By growing more muscle mass, you're effectively increasing your body's metabolic rate, which is what makes exercises, like squats and hip thrusts, so important. It might sound counterintuitive, but did you know that you burn most fat when you’re at rest than when you are working out? Then, as you are recovering after a workout, since your body isn’t in as much need of rapidly available energy, it switches over to fat as being the primary energy source. If the workout was particularly intense, then your body will need to break apart more fat for energy to repair itself.

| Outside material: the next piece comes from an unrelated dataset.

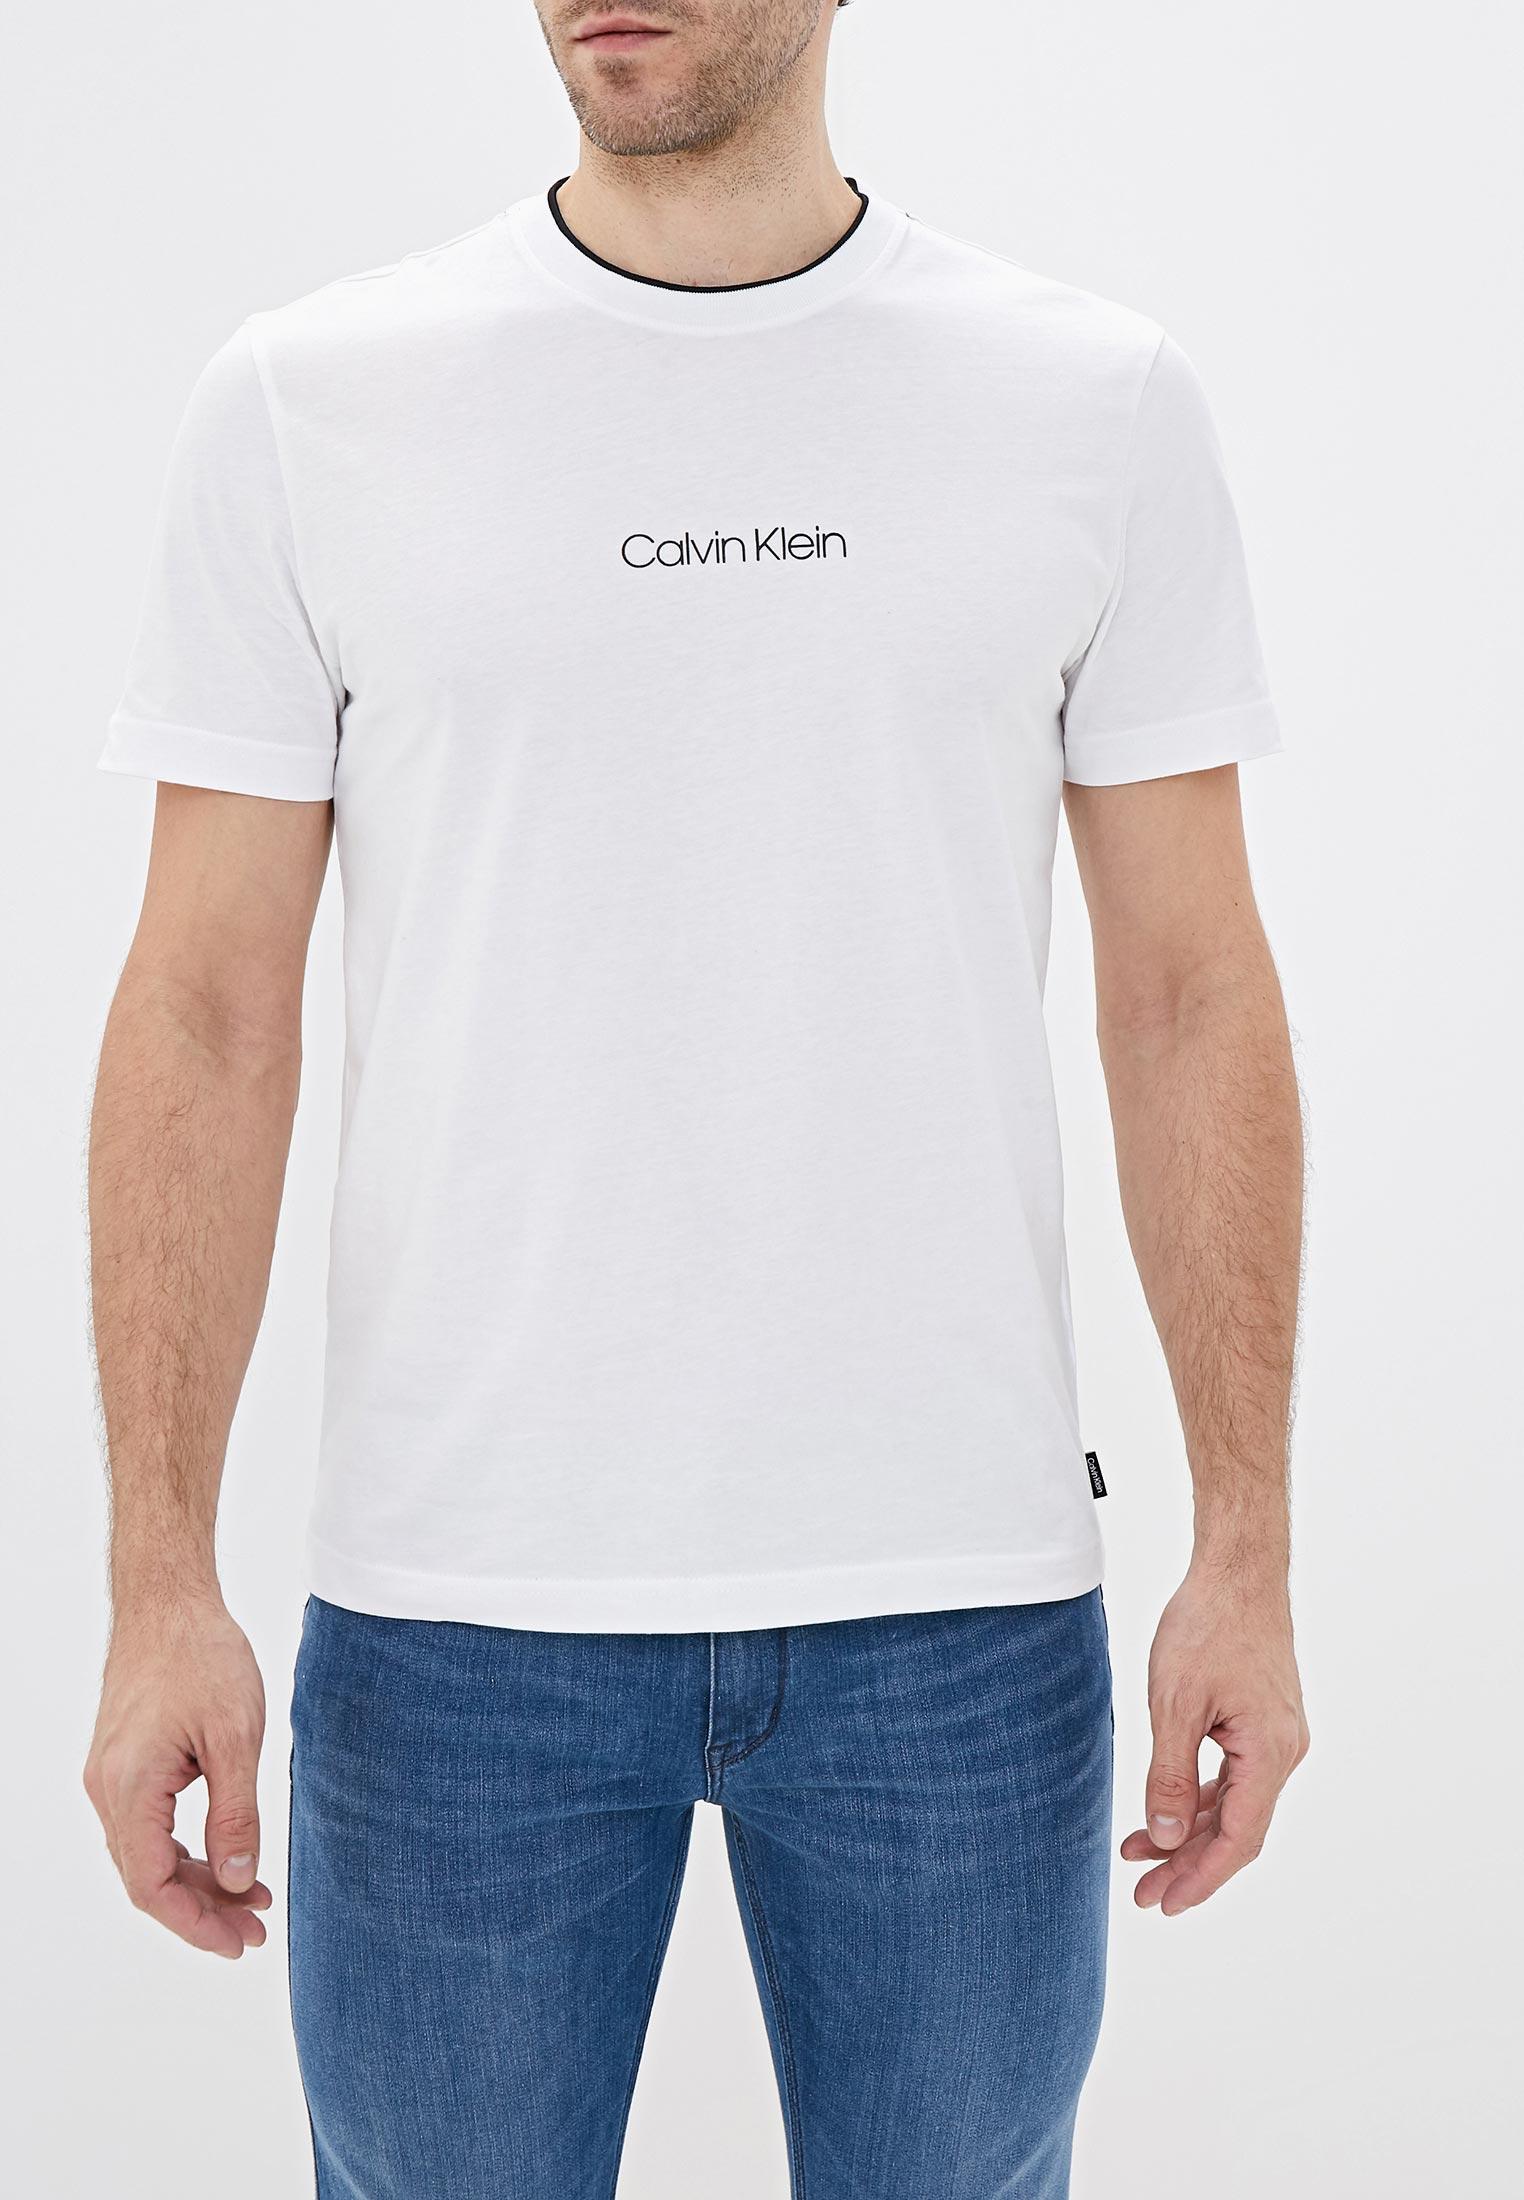 Футболка Calvin Klein (Кельвин Кляйн) k10k104934

Squats are a compound (multi-joint) exercise that engage multiple muscle groups, leading to a higher energy expenditure compared to single-joint exercises. Since large muscles are having to work together, this means that they need a lot of oxygen to get to those muscles so they can break apart glycogen (stored carbohydrates) for energy.

Would you like to have a more athletic physique before you go on your next vacation? You don’t necessarily have to starve yourself or force yourself into eating nothing but salad, but you may want to include squats into your workout regimen. In Scott et al. (2011), researchers were able to determine that squats may increase the use of fat for fuel during exercise, which can lead to improved body composition. Not only that, your body is going to need energy to recover after the workout, and this is where fat is burned at a higher rate than when you workout.

Did it ever occur to you that even squats can help you improve your cardiovascular health? Next time you workout, if you have one available, wear a heart rate monitor, and you will notice that your heart rate goes up substantially when performing compound exercises, like the squat. By increasing the heart rate and improving blood flow to the working muscles, squats can be highly effective in improving your cardiovascular health.


When I was a kid going to the Y, I recall seeing guys leaving the weight room with giant arms and pecs, but they almost always had little chicken legs. For some reason, this was a thing in the 80s and early 90s. Those days are gone, and even if you’re just a business professional in your 40s, you shouldn’t allow yourself to have weak, little chicken legs.